◆ INPUT RECORDS:
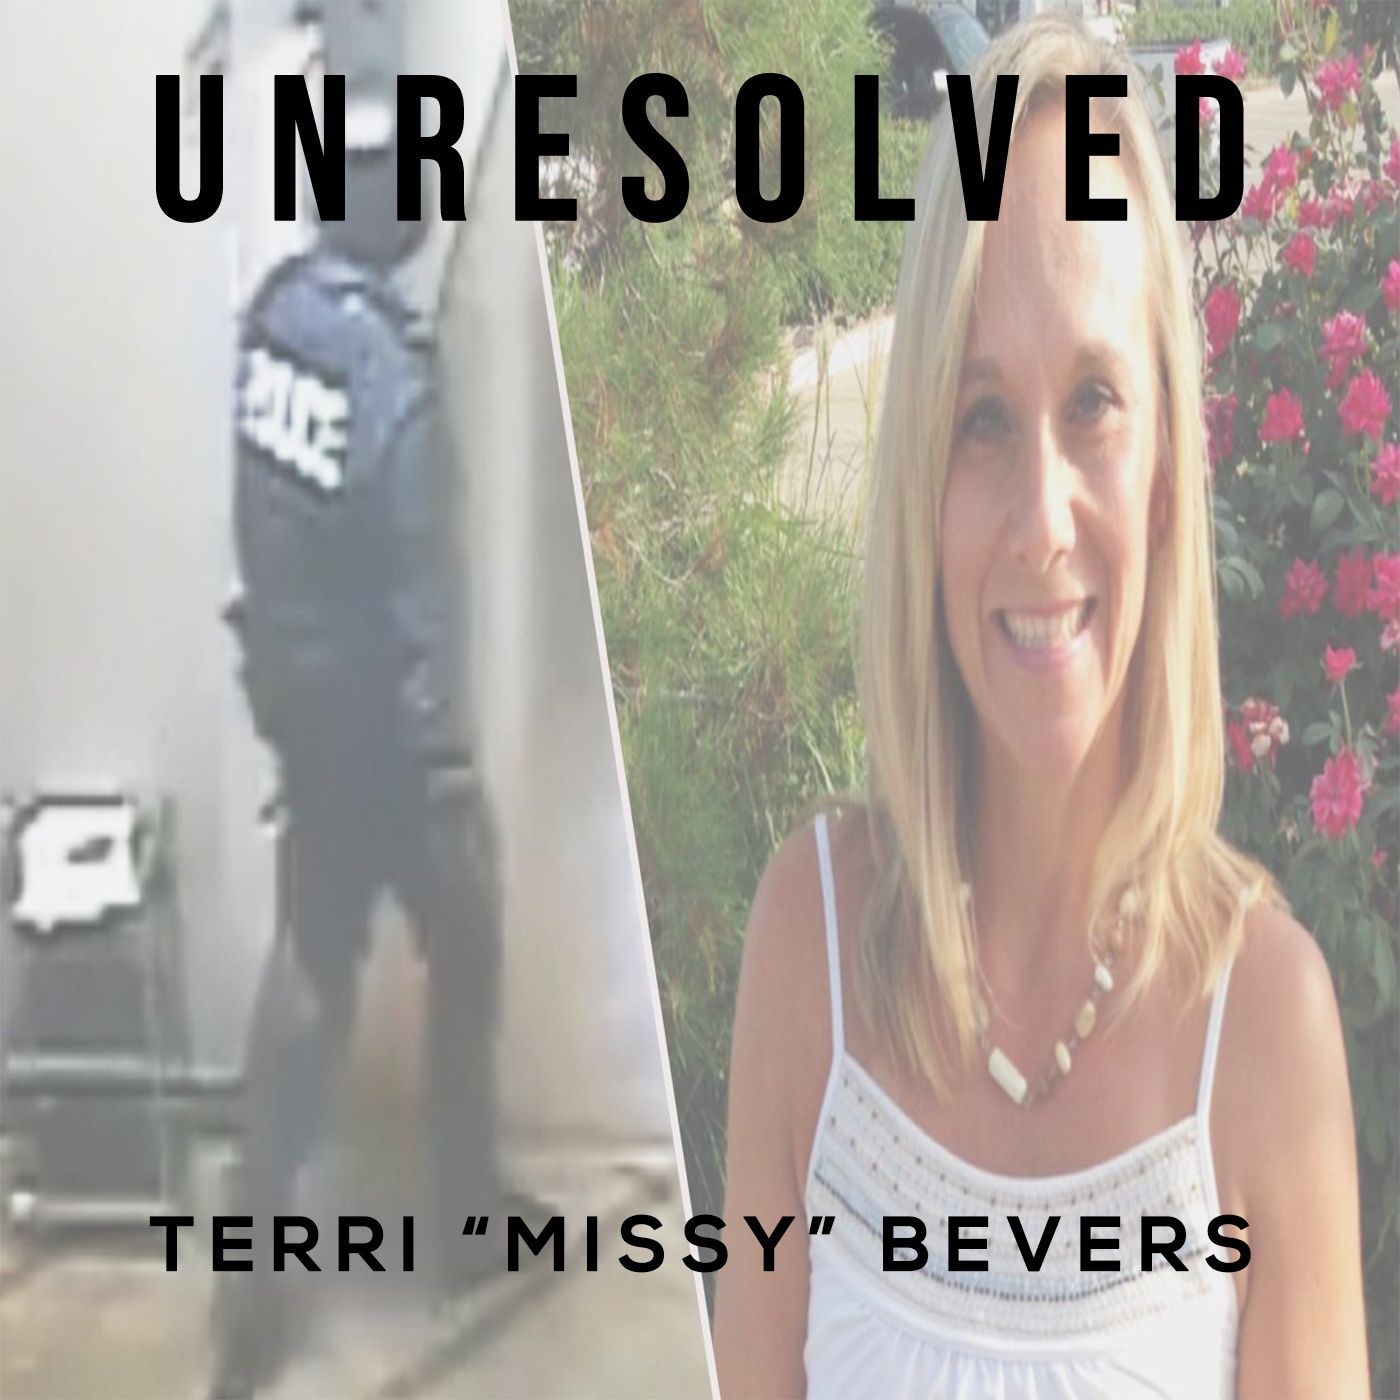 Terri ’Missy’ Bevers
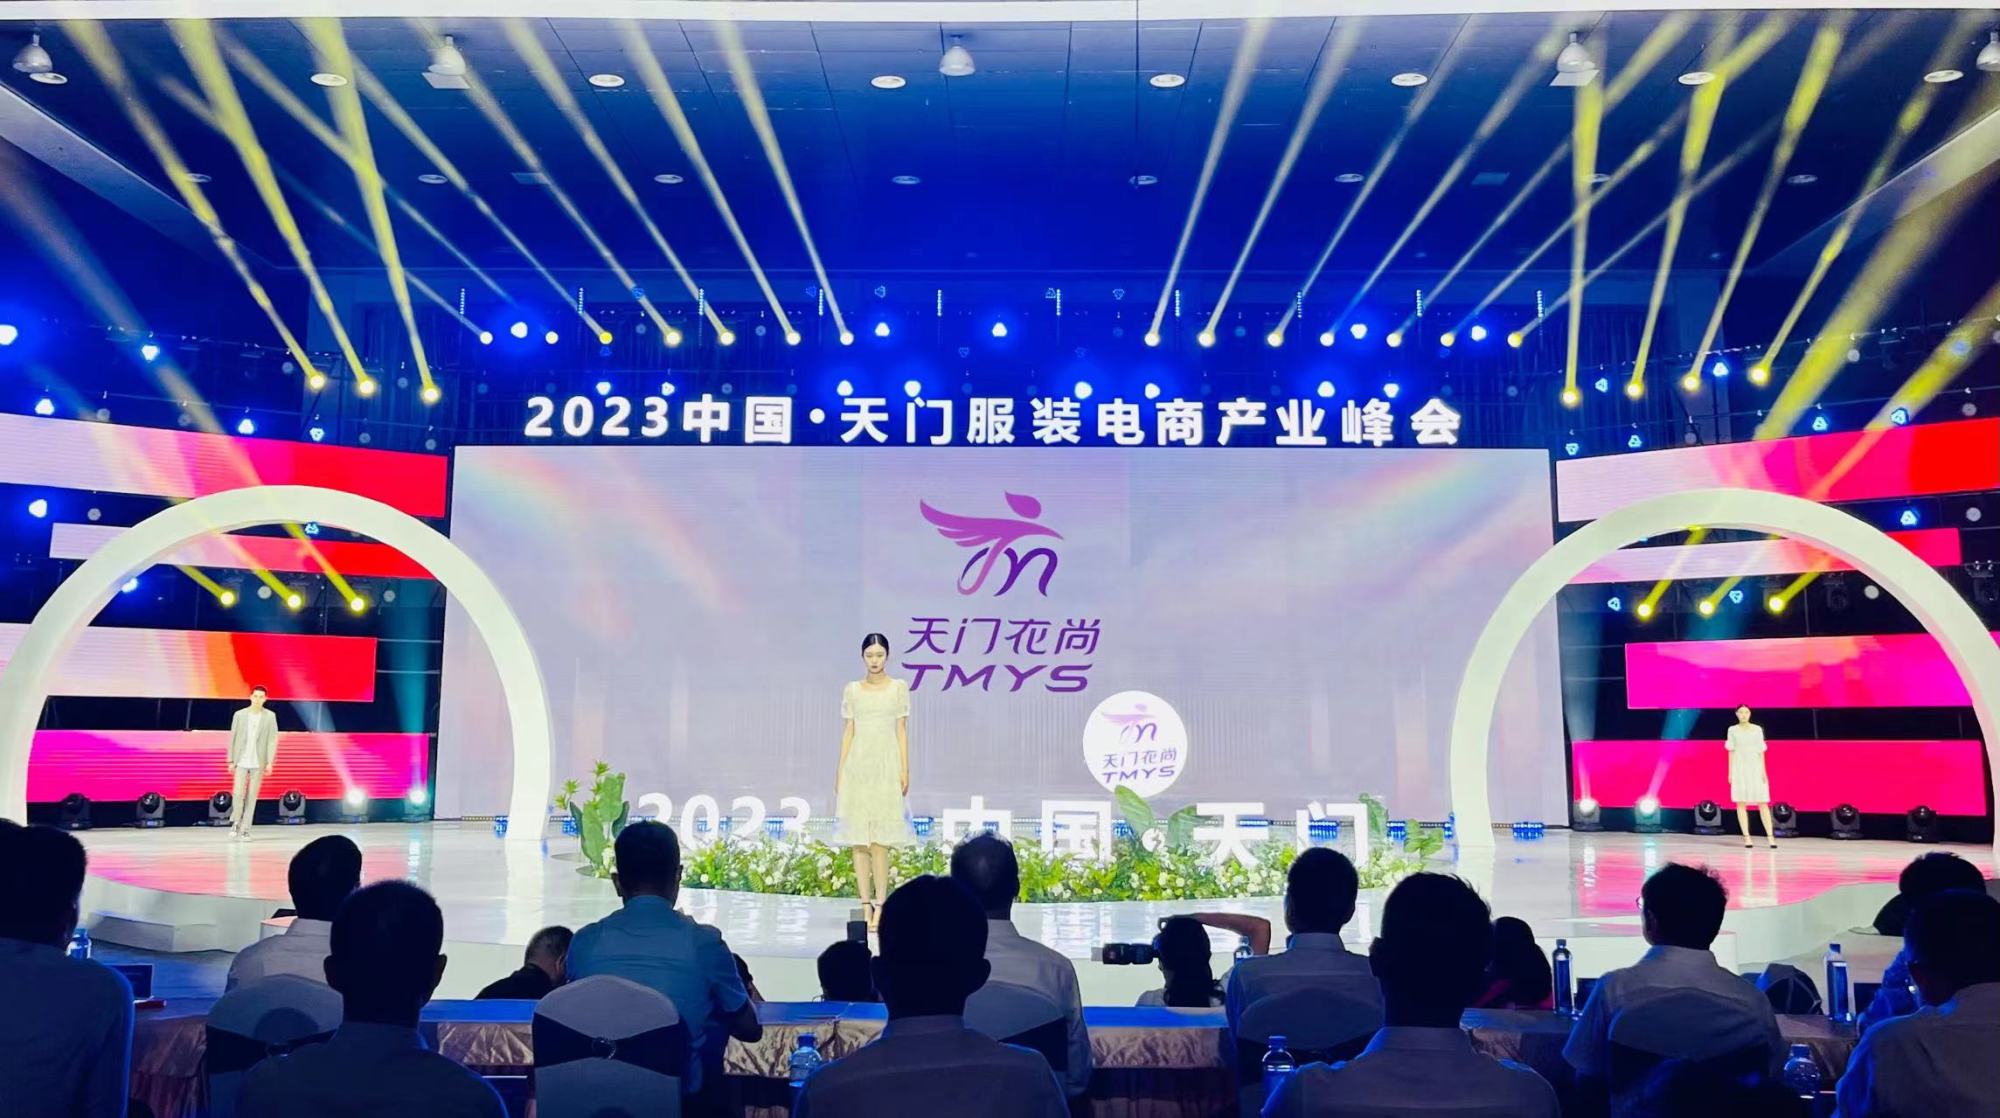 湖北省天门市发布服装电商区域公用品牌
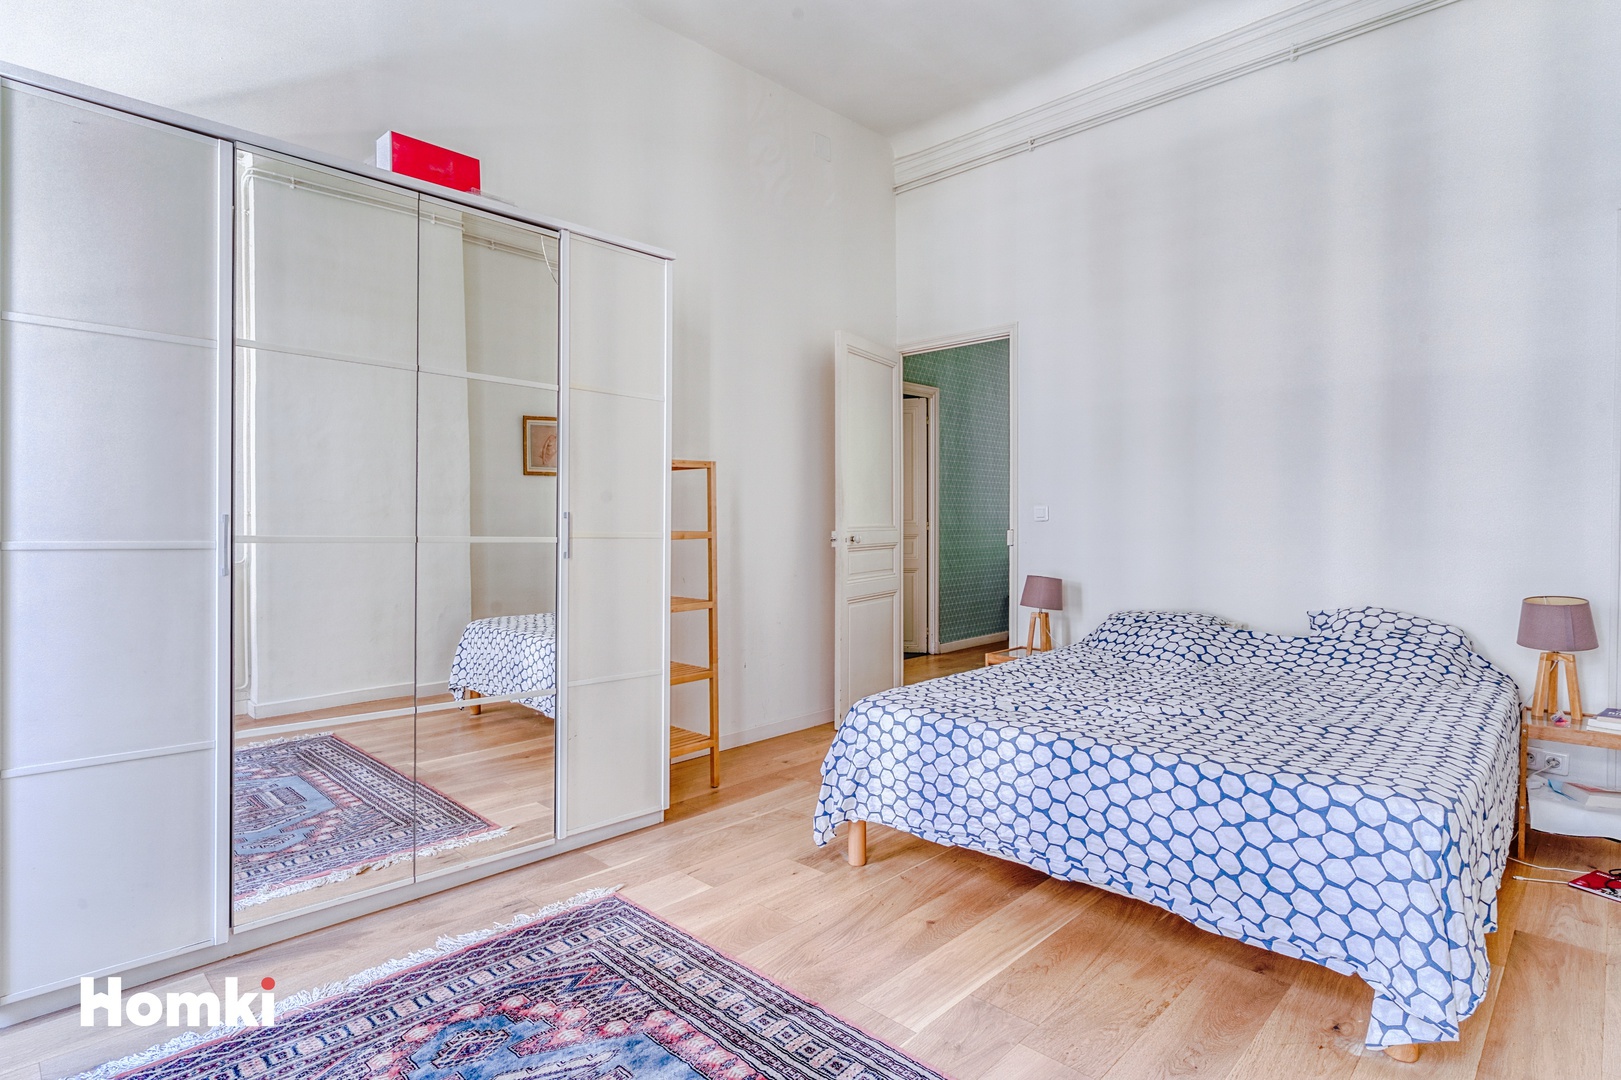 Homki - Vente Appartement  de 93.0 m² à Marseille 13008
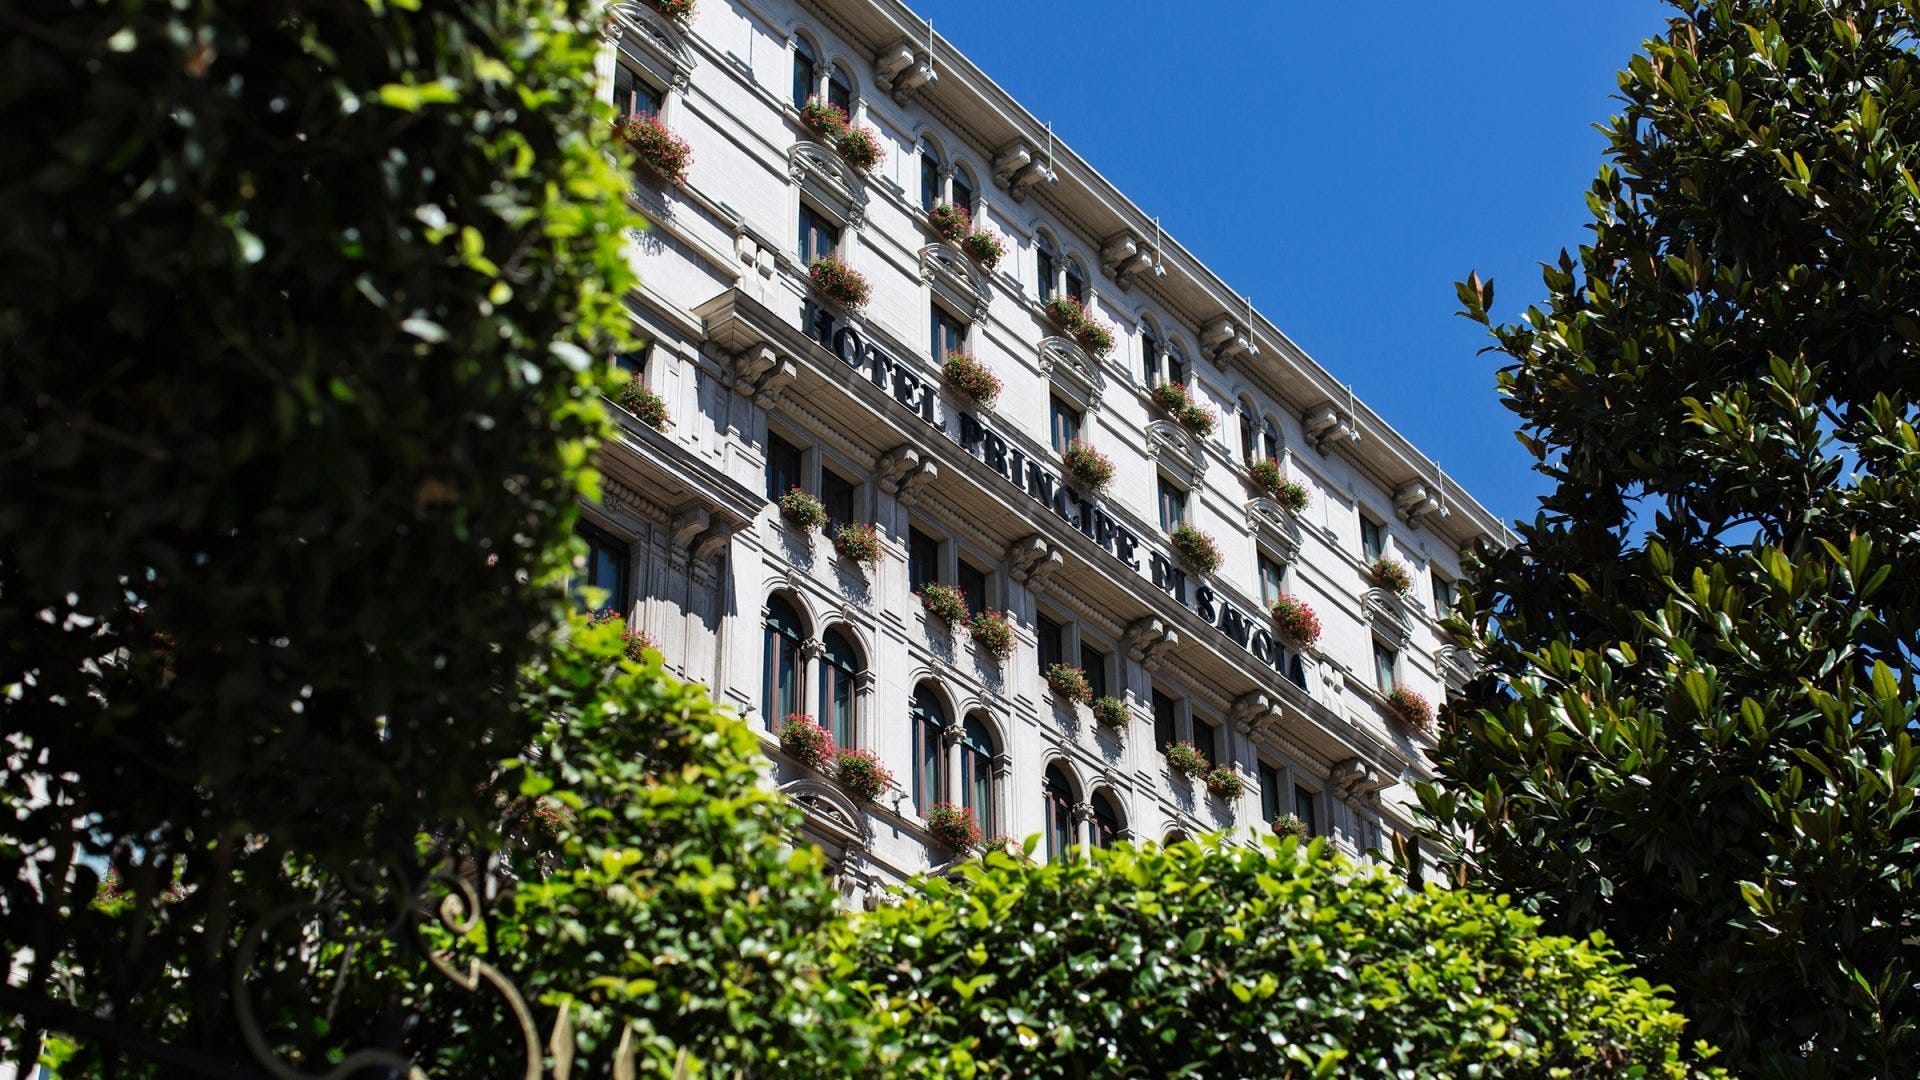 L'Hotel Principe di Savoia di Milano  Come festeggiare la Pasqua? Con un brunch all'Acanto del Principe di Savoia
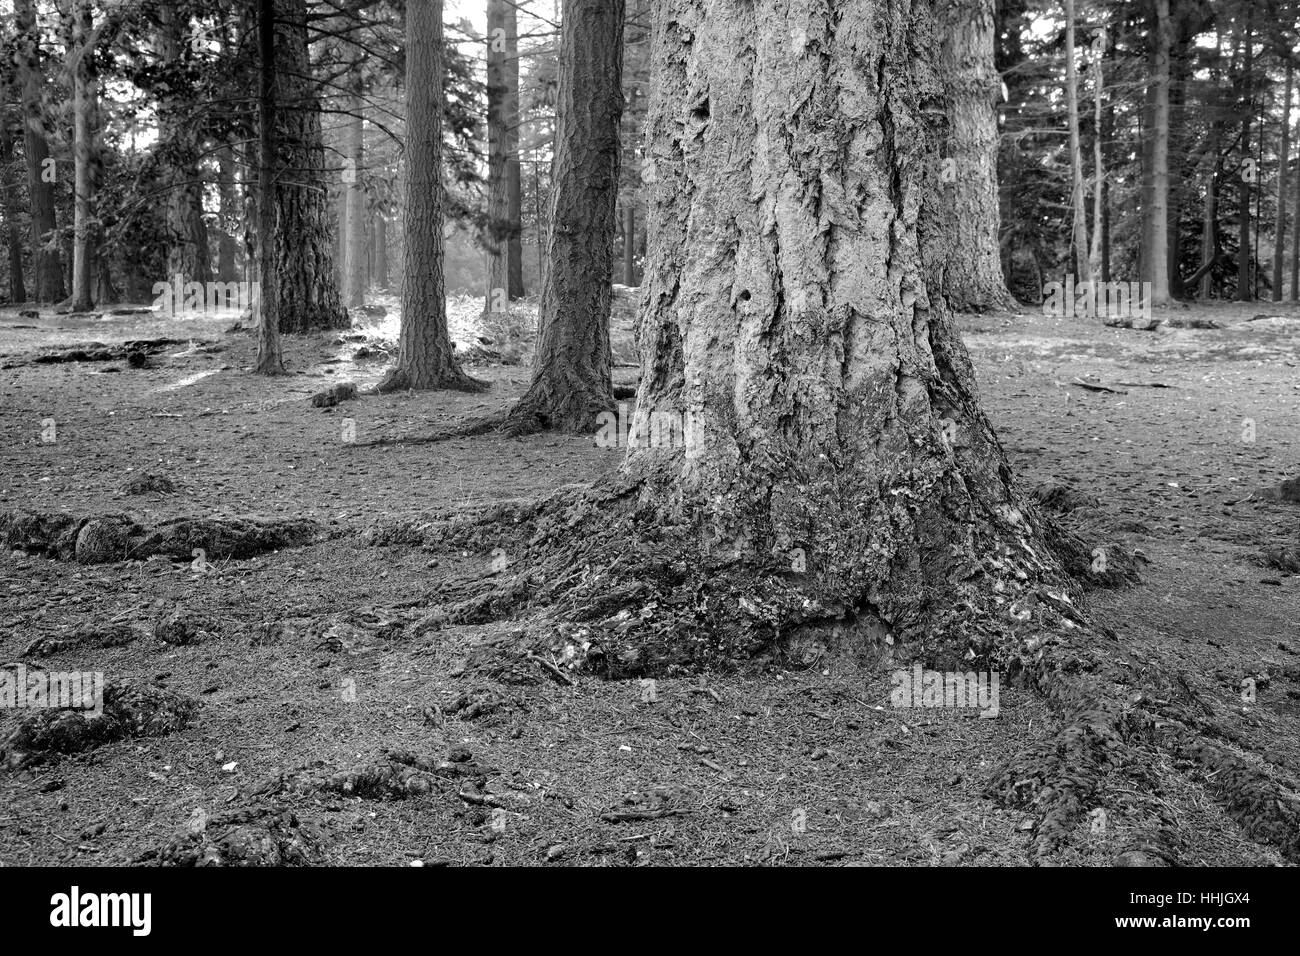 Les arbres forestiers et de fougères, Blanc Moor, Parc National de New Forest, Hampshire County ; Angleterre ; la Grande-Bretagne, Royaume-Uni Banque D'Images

◆ TASK OBJECTIVE: Give back exactly, and only, the lines from the one holding "L'Hotel Principe di" through the last line of the entries, with every picture omitted.

◆ TASK RESPONSE:
 L'Hotel Principe di Savoia di Milano  Come festeggiare la Pasqua? Con un brunch all'Acanto del Principe di Savoia
 Les arbres forestiers et de fougères, Blanc Moor, Parc National de New Forest, Hampshire County ; Angleterre ; la Grande-Bretagne, Royaume-Uni Banque D'Images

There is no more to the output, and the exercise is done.